We can use a binary search tree to store a set. To do this, we'll write a TreeSet class that holds the current root of a binary tree:

class TreeSet:
    def __init__(self):
        self.root = None

    ...

contains

It is not difficult to find whether a binary tree contains a given value x. We begin at the root. If the root's value is x, then we are done. Otherwise, we compare x to the root's value v. If x < v, we move to the left child; if x > v, we move to the right child. We proceed in this way until we have found x or until we hit None, in which case x is not in the tree.

Here's how we can implement this in the TreeSet class:

def contains(self, x):
    n = self.root
    while n != None:
        if x == n.val:
            return True
        if x < n.val:
            n = n.left
        else:
            n = n.right
    return False

add

Inserting a value into a binary search tree is also pretty straightforward. Beginning at the root, we look for an insertion position, proceeding down the tree just as in the above algorithm for contains. When we reach an empty left or right child, we place the new node there.

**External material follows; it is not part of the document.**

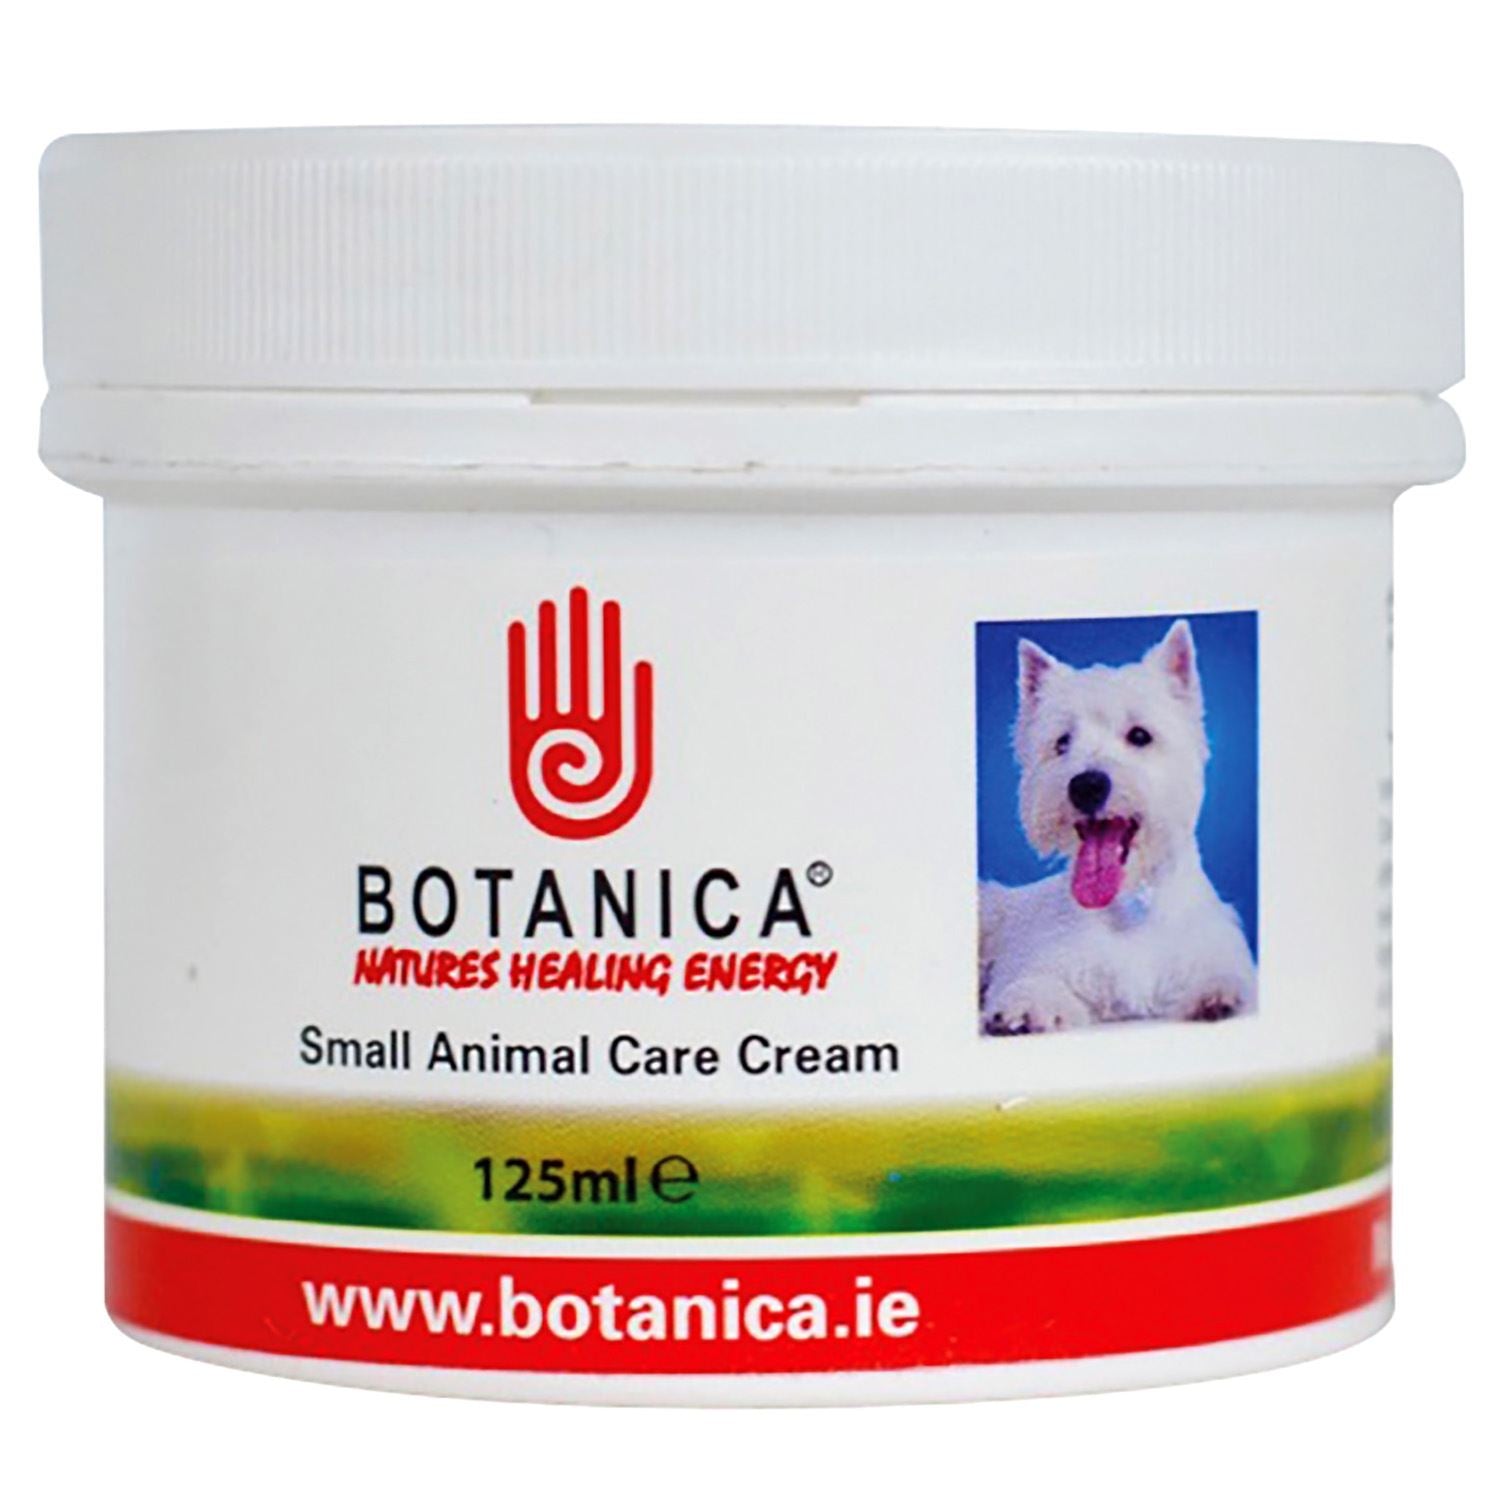 Boica Small Animal Care Cream - Just Horse Riders
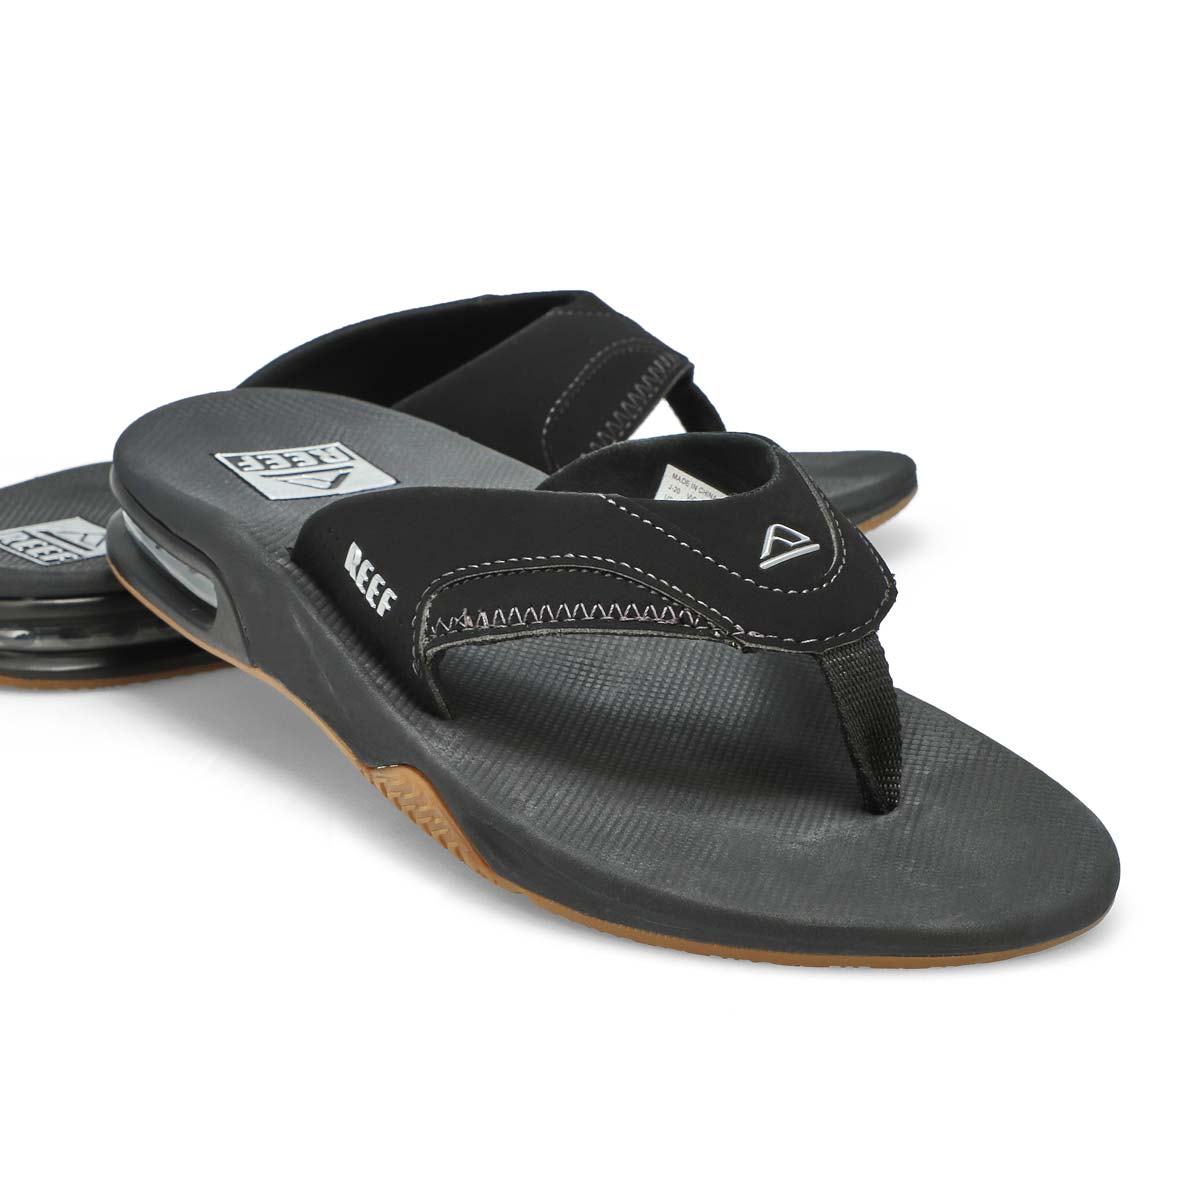 Men's Fanning Thong Sandal - Black/Silver

In the TreeSet class:

  # add a value, or do nothing if already present
  def add(self, x):
      n = Node(x, None, None)    # new node to add

      p = self.root
      if p == None:
          self.root = n
          return
      
      while True:
          if x == p.val:
              return         # already present
          elif x < p.val:
              if p.left == None:
                  p.left = n
                  return
              else:
                  p = p.left
          else:   # x > p.val
              if p.right == None:
                  p.right = n
                  return
              else:
                  p = p.right

remove

Deleting a value from a binary search tree is a bit trickier. It's not hard to find the node to delete: we just walk down the tree, just like when searching or inserting. Once we've found the node N we want to delete, there are several cases.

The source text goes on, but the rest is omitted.